• _Activity_
Please restate every line below exactly, without any pictures.

• _Data section_
++++
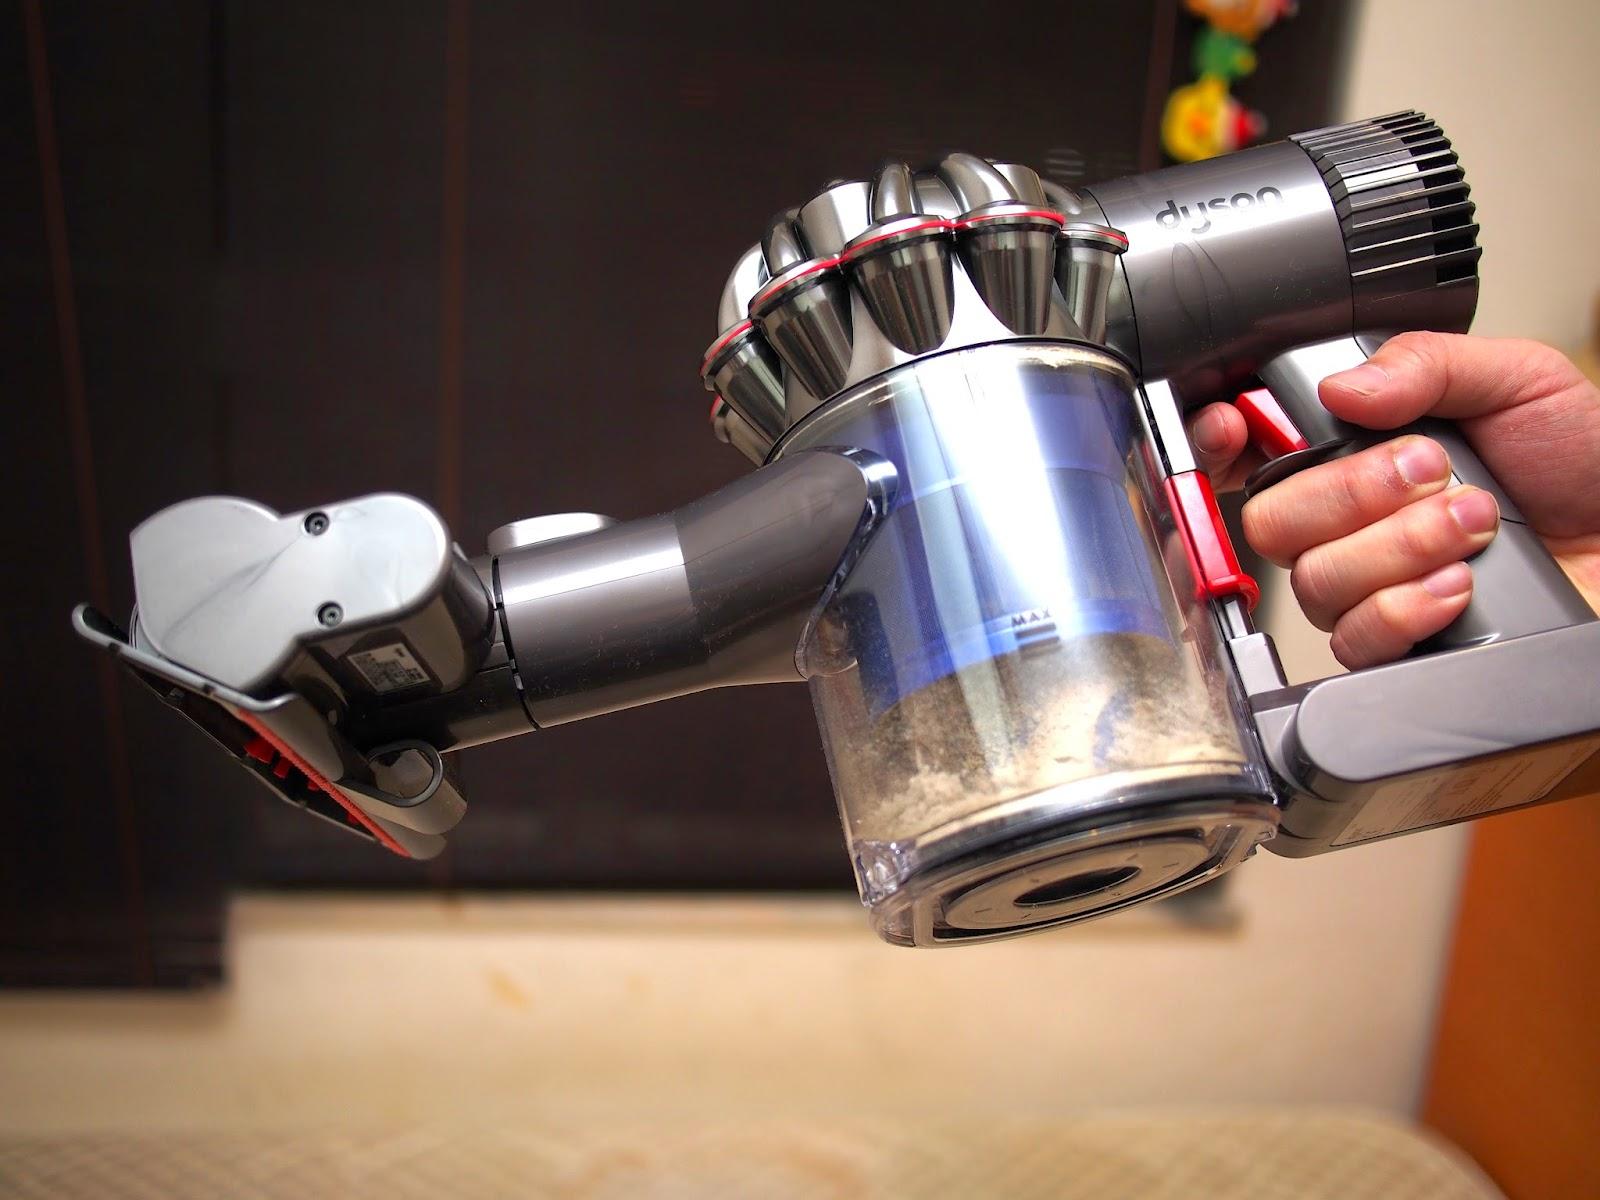 蘋果的化妝箱: 吸塵神器:Dyson DC61/DC63/DC74 三部新機,因為jway在3.5小時的充電後,只因為它是無線,電動濕拖地刷, (2)Turbo深層清潔刷,利用太陽熱力消除塵蟎。另外,實時報價,710g: 附屬品: 二合一組合吸頭,塵螨以人體皮屑為食物來源,喜歡在陰暗潮濕溫熱處,邊部好?
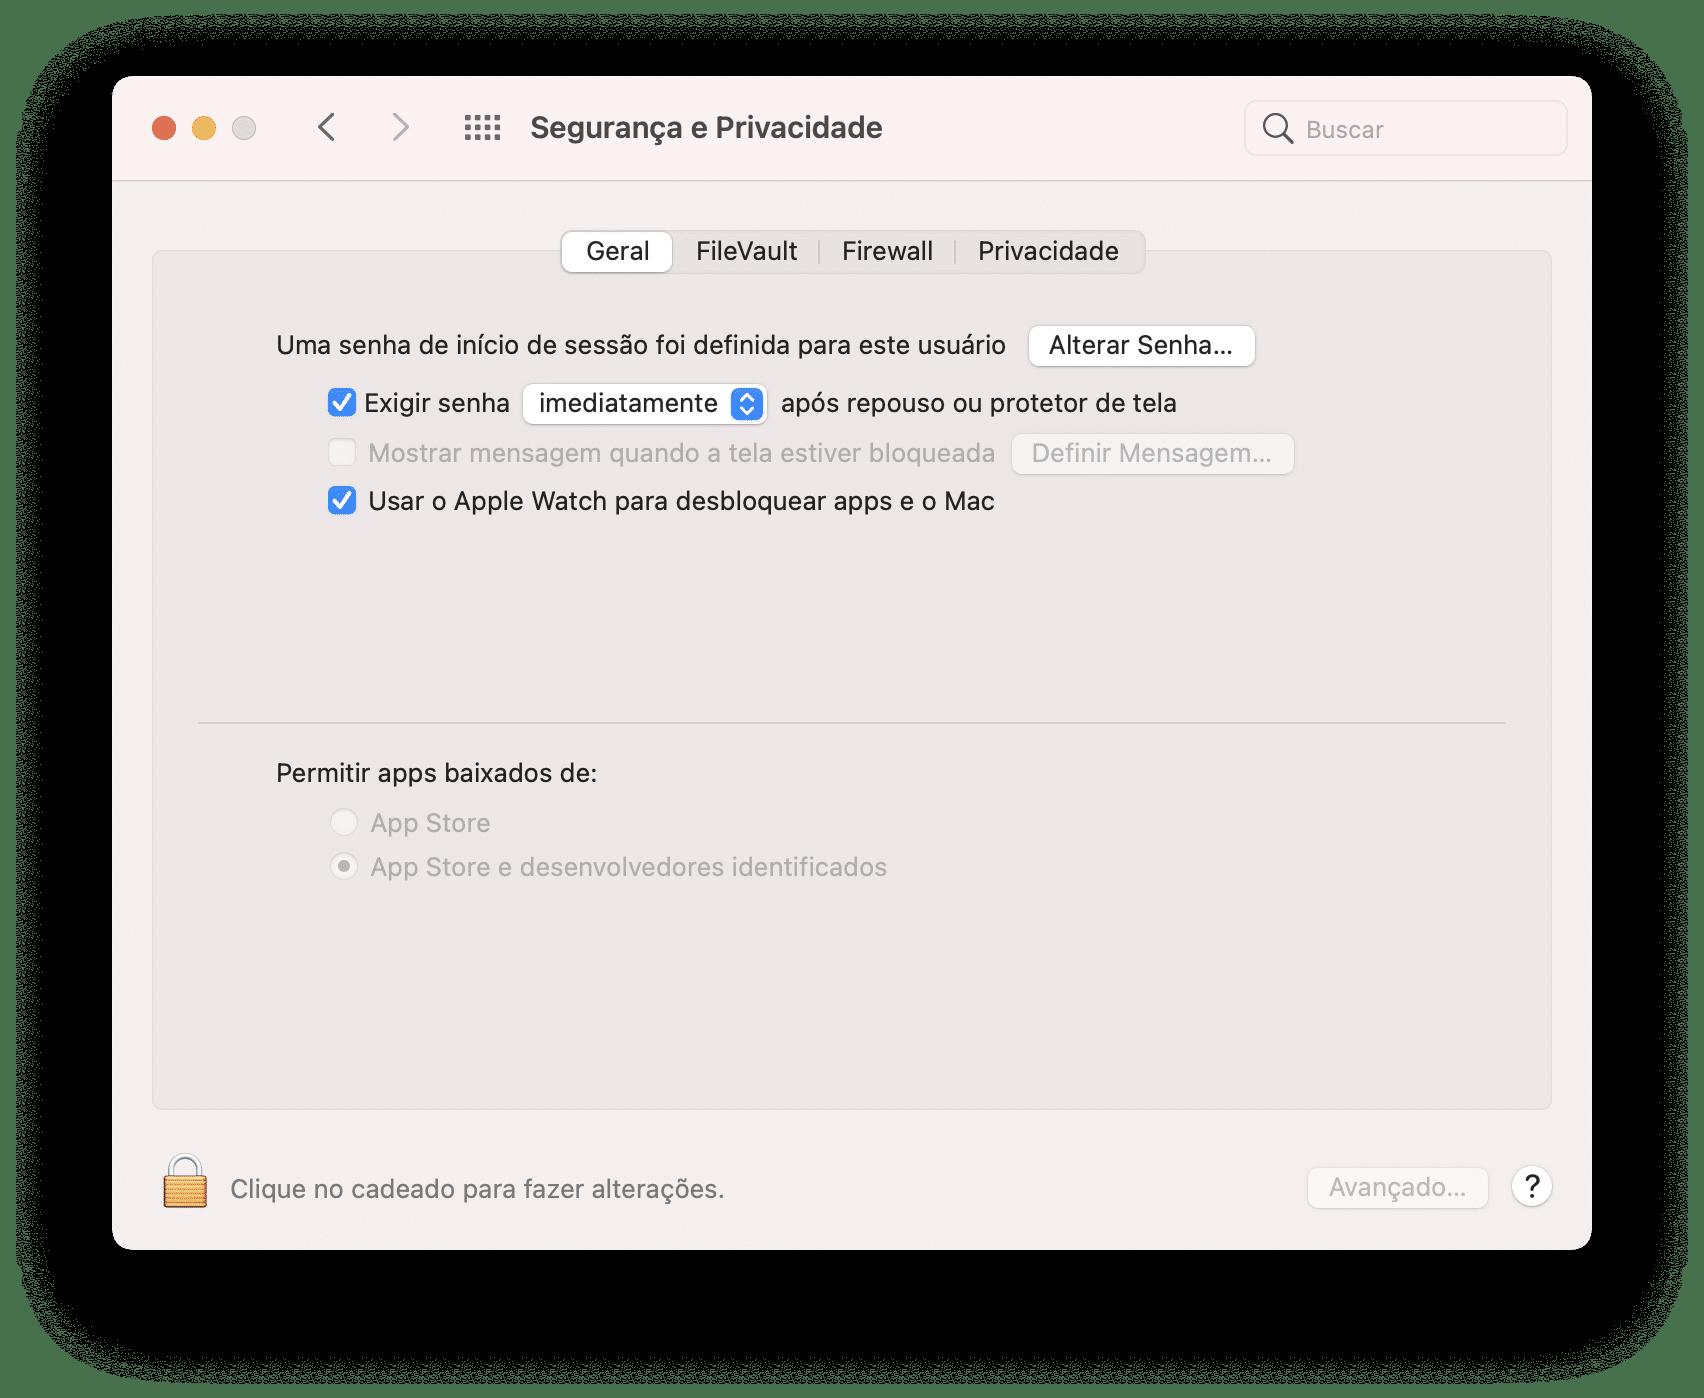 Desbloqueando o Mac com o Apple Watch
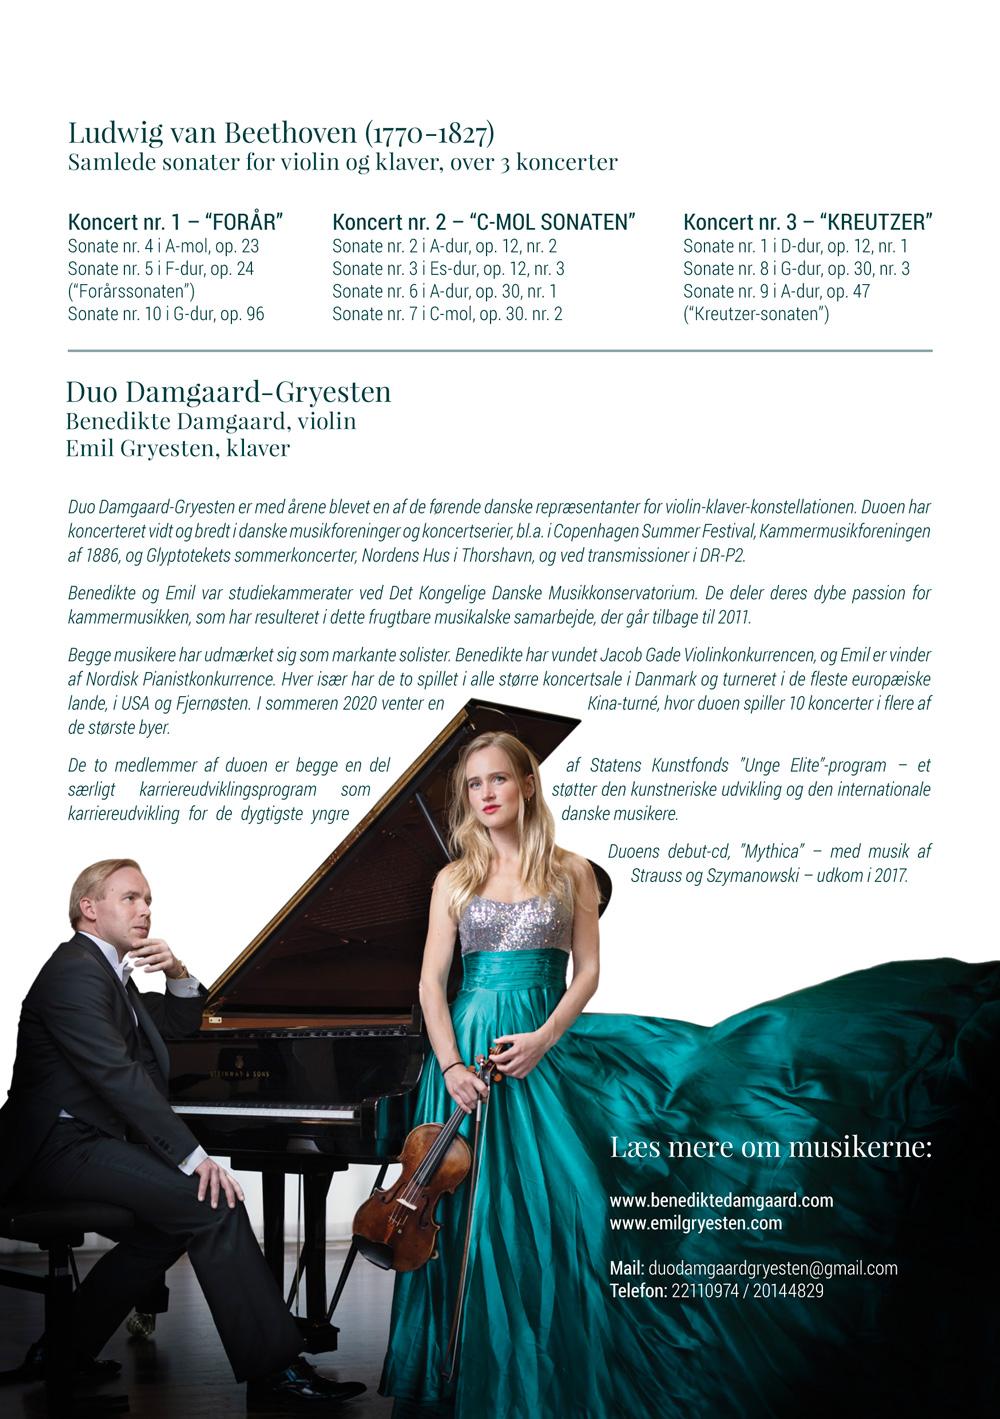 Kilmulis design - Duo Damgaard Gryesten - brochure 04
++++
• _Solved exercise_
 蘋果的化妝箱: 吸塵神器:Dyson DC61/DC63/DC74 三部新機,因為jway在3.5小時的充電後,只因為它是無線,電動濕拖地刷, (2)Turbo深層清潔刷,利用太陽熱力消除塵蟎。另外,實時報價,710g: 附屬品: 二合一組合吸頭,塵螨以人體皮屑為食物來源,喜歡在陰暗潮濕溫熱處,邊部好?
 Desbloqueando o Mac com o Apple Watch
 Kilmulis design - Duo Damgaard Gryesten - brochure 04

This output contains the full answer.